Falemaka told PACNEWS MSG Leaders are expected to endorse the setting up of the Climate Change Unit in 2013.

 “The genesis for this unit on climate change within the MSG Secretariat is from the MSG Leaders declaration in March this year, which adopted a number of initiatives on Climate Change and Environment,” Ms Falemaka said.

“As part of that initiative they also agreed to an institutional process which will include the setting up of the unit within the MSG Secretariat.

 “That decision included the establishment of the meeting of MSG Environment and Climate Change Ministers to be supported by the MSG Environmental and Climate Change group technical advisory group which is the official level to support the ministerial meeting and the unit to provide support to the institution.

“The MSG Environmental and Climate Change Ministers will have oversight on the MSG declaration on Environment and Climate Change,” she said.

She added MSG secretariat has started the recruitment of staff to work for the new unit.

 “As we speak the Secretariat has already initiated the recruitment of the staff.

“That staff will be supported by the German Government through the GIZ project initially for two years to be based at the Secretariat.

“The main role of the unit is to coordinate and provide support to members on the implementation of the MSG declaration on Environment and Climate Change.

“The recruitment of the coordinator under the GIZ project will initiate the establishment of the unit,” Falemaka told PACNEWS.

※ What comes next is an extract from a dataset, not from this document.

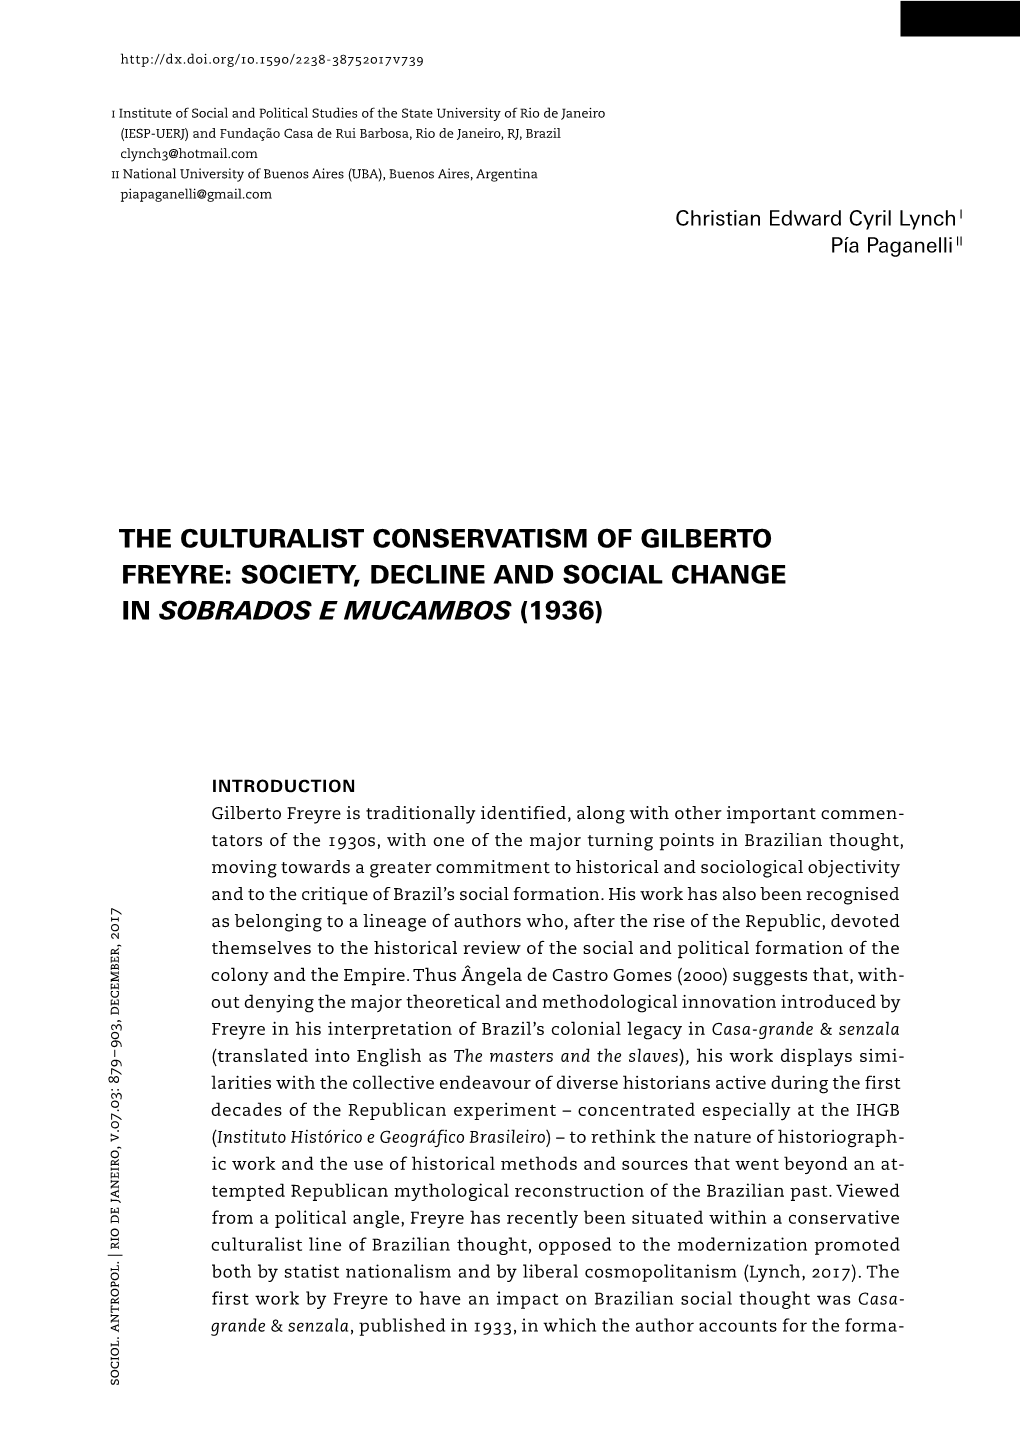 The Culturalist Conservatism of Gilberto Freyre: Society, Decline and Social Change in Sobrados E Mucambos (1936)
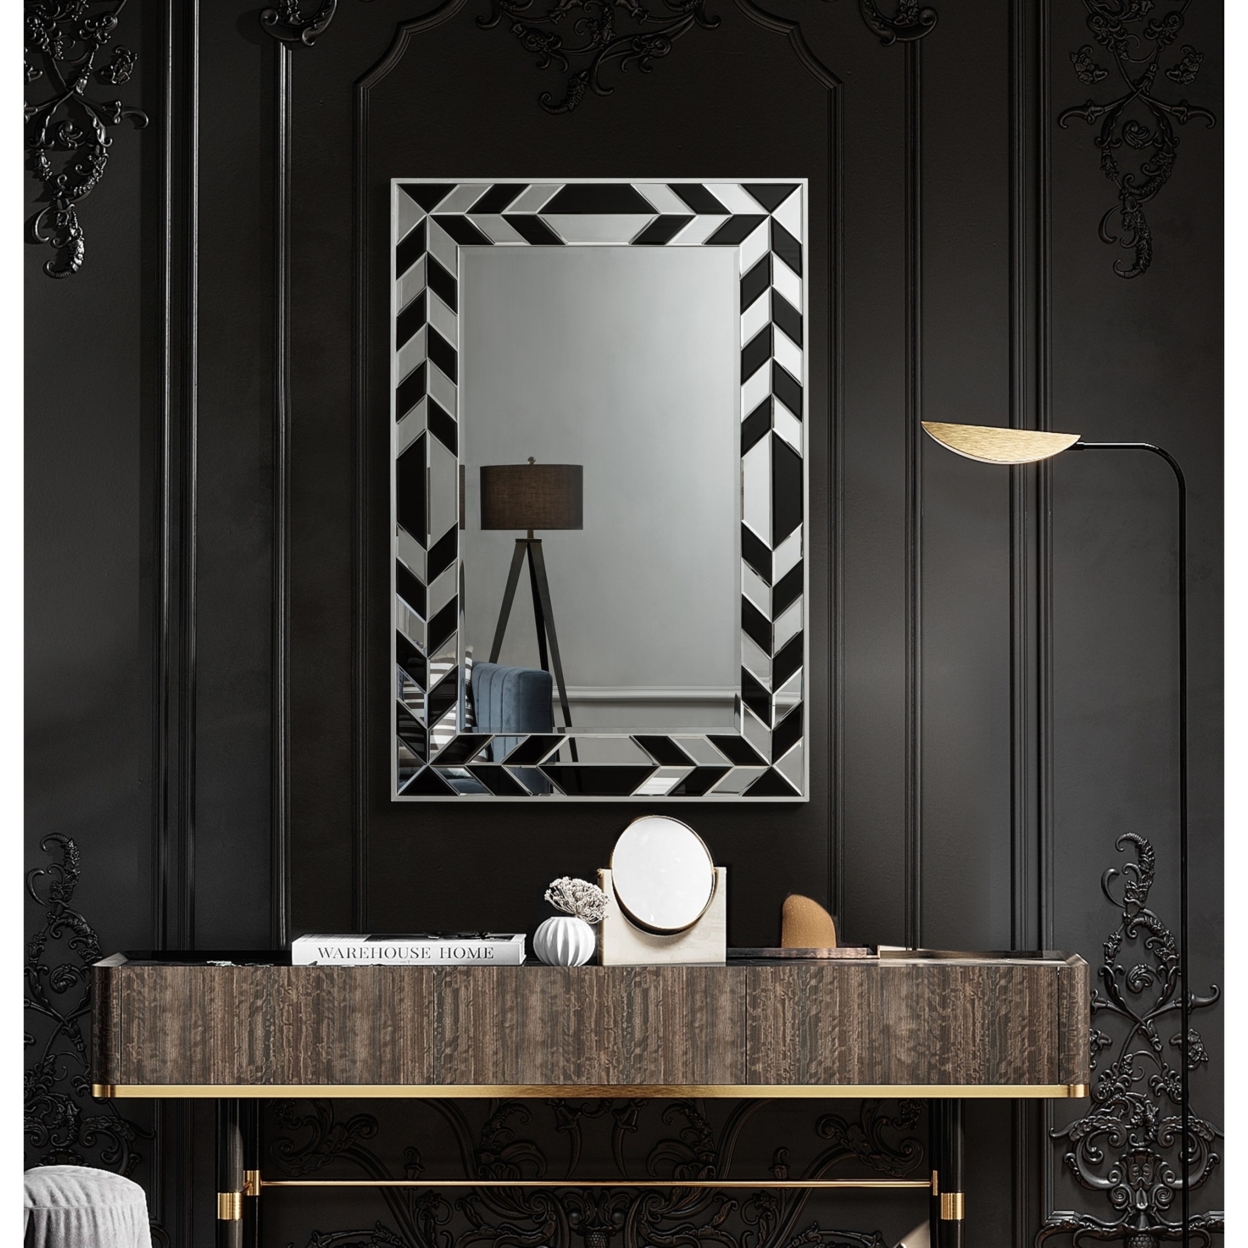 Aiyana Mirror - Accent Clear and Black Glass 47.2" x 31.5" x 0.7" Wall Mounted

She said MSG countries face many challenges from the impacts of climate change and this stem from the loss of biodiversity within MSG members.

 “There are about nine percent of birds under extinct or under threat, over 15 percent of terrestrial mammals also under threat or under extinction. We have unsustainable harvesting and exploitation of national resources.

“MSG countries have forestry, mining sectors and fisheries sectors, so the harvesting or extraction of these natural resources are sometimes subjected to unsustainable exploitation.”

Ms Falemaka explained there is also a link between climate and diseases. She said this was evident in a study carried out in PNG.

 “In the context of Papua New Guinea, one of the adaptation measures on climate change relates to adaptation for malaria and vector borne diseases.

“The fact that flooding in some low lying areas and sea level rise particularly in estuaries in PNG  created swamps where mosquitoes breed.

“These mosquitoes actually accelerate the spread of diseases,” said Ms Falemaka.